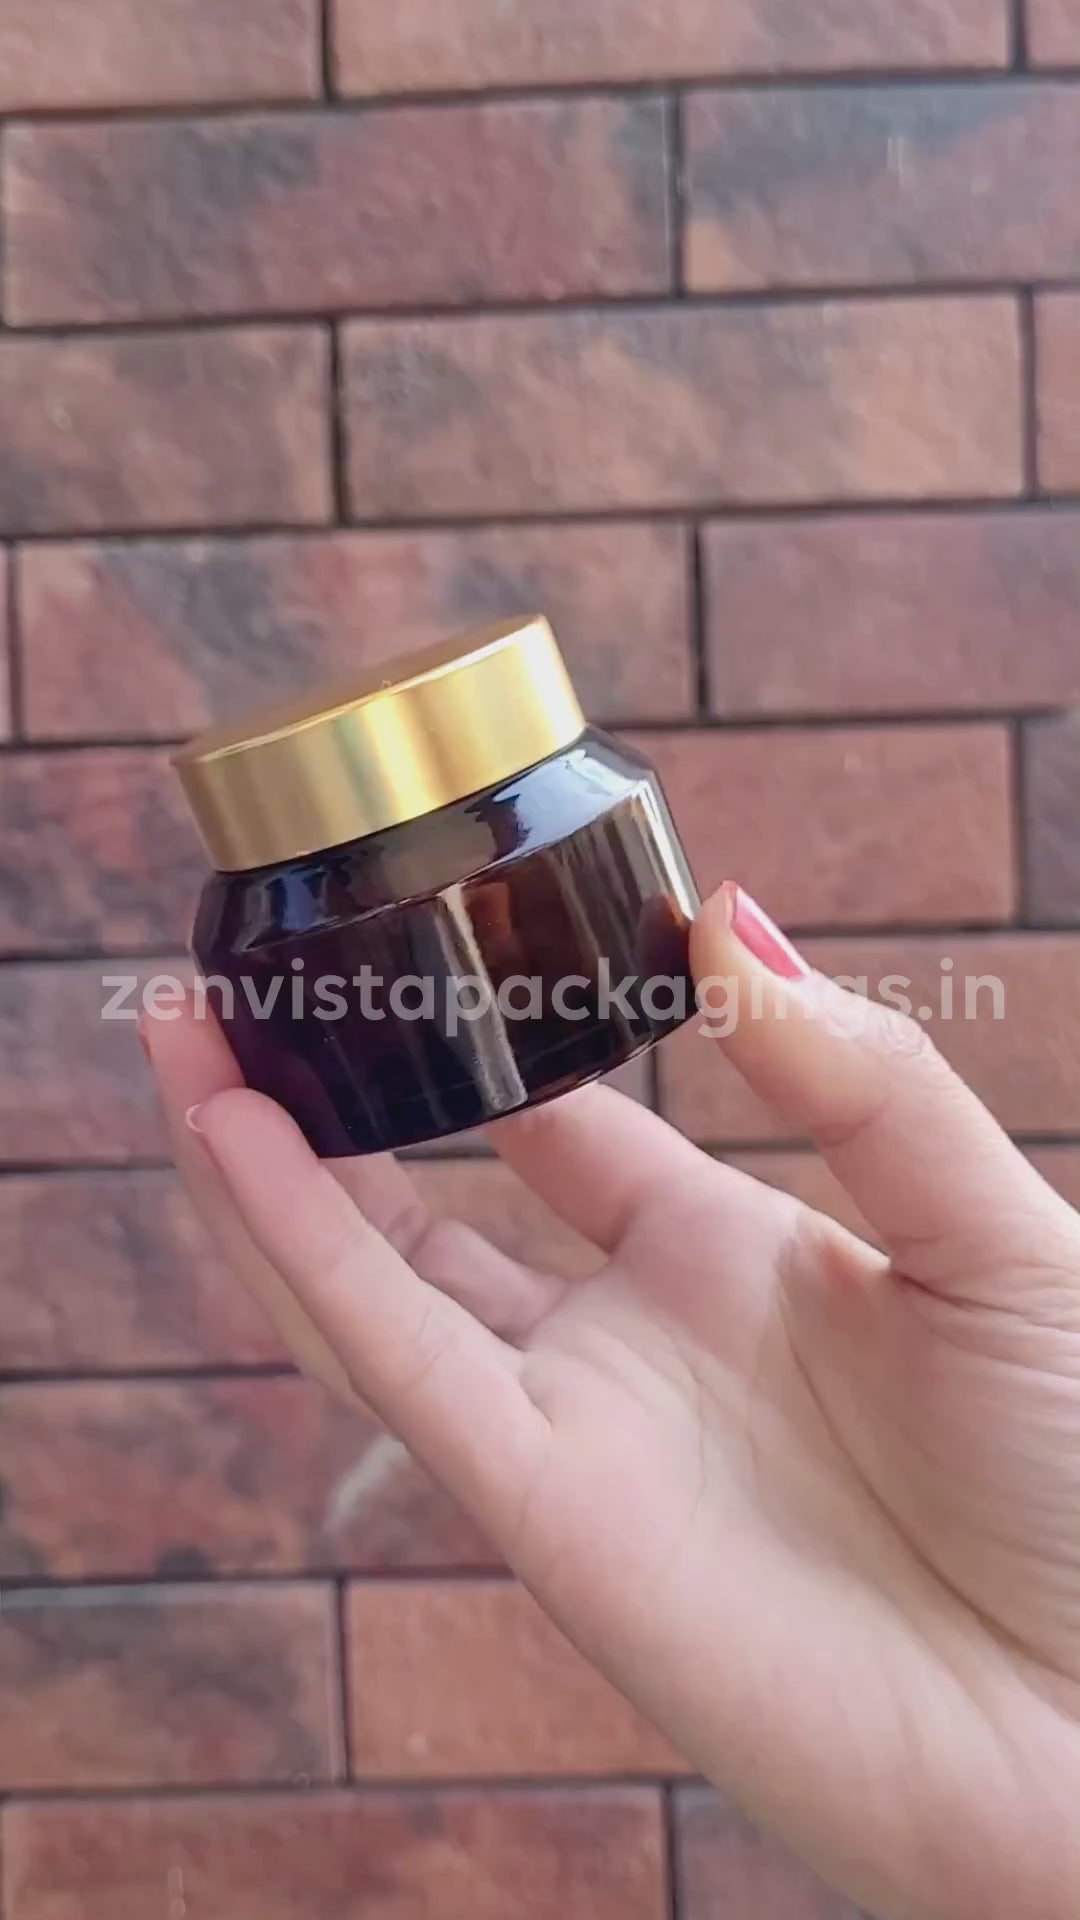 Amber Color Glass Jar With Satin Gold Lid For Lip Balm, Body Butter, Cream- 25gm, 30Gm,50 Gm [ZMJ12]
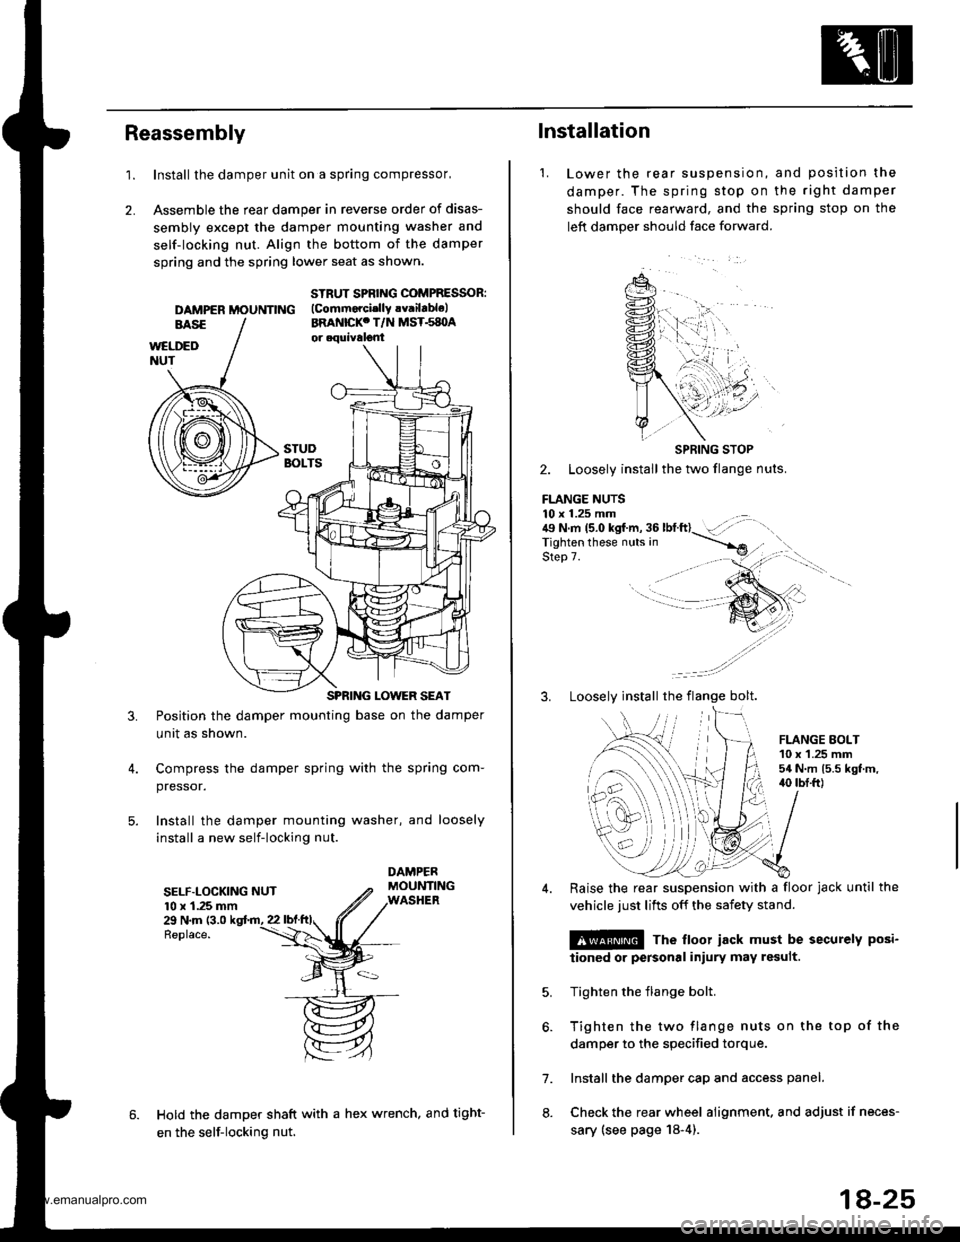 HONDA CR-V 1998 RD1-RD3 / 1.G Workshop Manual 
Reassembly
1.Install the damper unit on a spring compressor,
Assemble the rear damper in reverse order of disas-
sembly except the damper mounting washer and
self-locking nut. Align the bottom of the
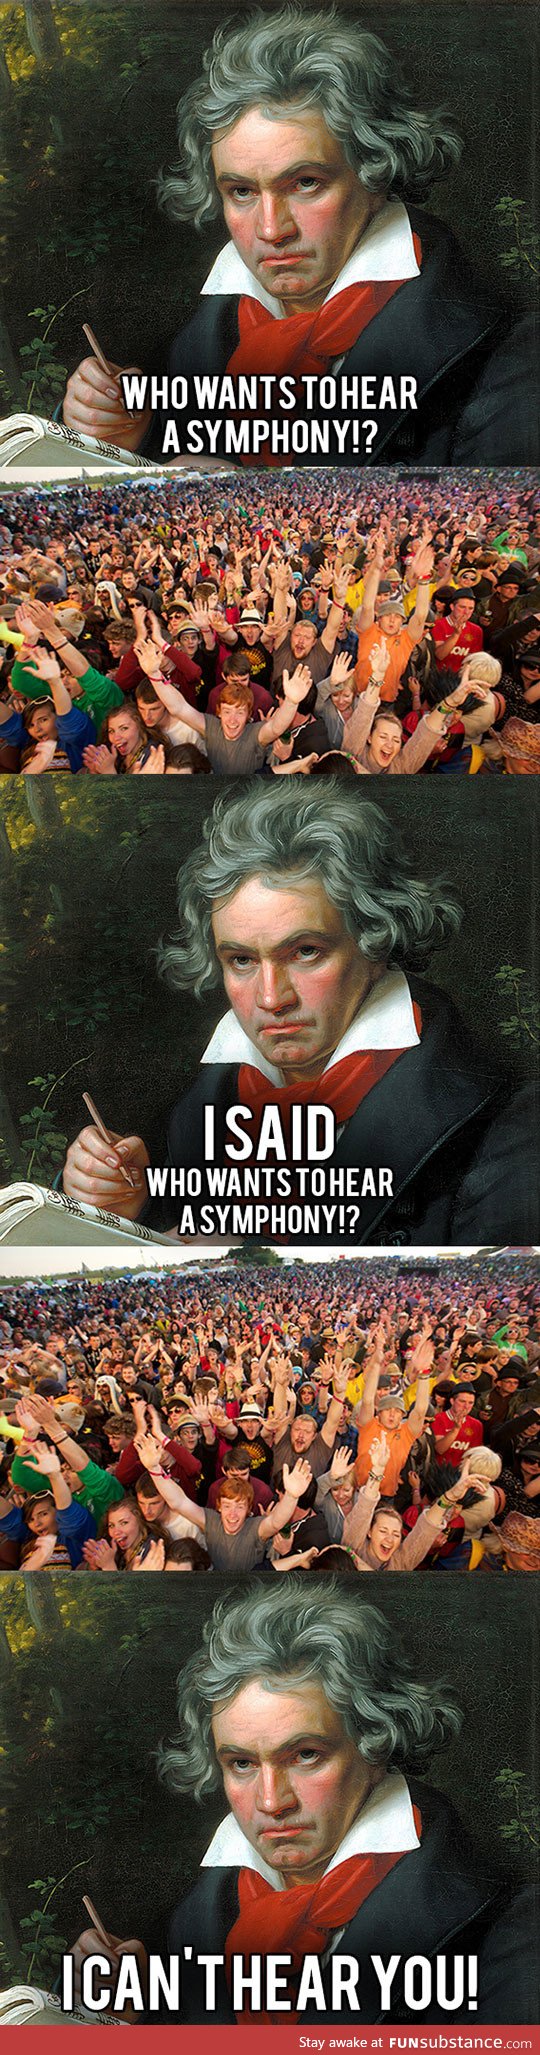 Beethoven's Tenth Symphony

- [THE TASK]: Type out the entries again without a single change, and leave the pictures out.

- [TASK RESPONSE]:
 Amber Color Glass Jar With Satin Gold Lid For Lip Balm, Body Butter, Cream- 25gm, 30Gm,50 Gm [ZMJ12]
 HONDA CR-V 1998 RD1-RD3 / 1.G Workshop Manual 
Reassembly
1.Install the damper unit on a spring compressor,
Assemble the rear damper in reverse order of disas-
sembly except the damper mounting washer and
self-locking nut. Align the bottom of the
 Beethoven's Tenth Symphony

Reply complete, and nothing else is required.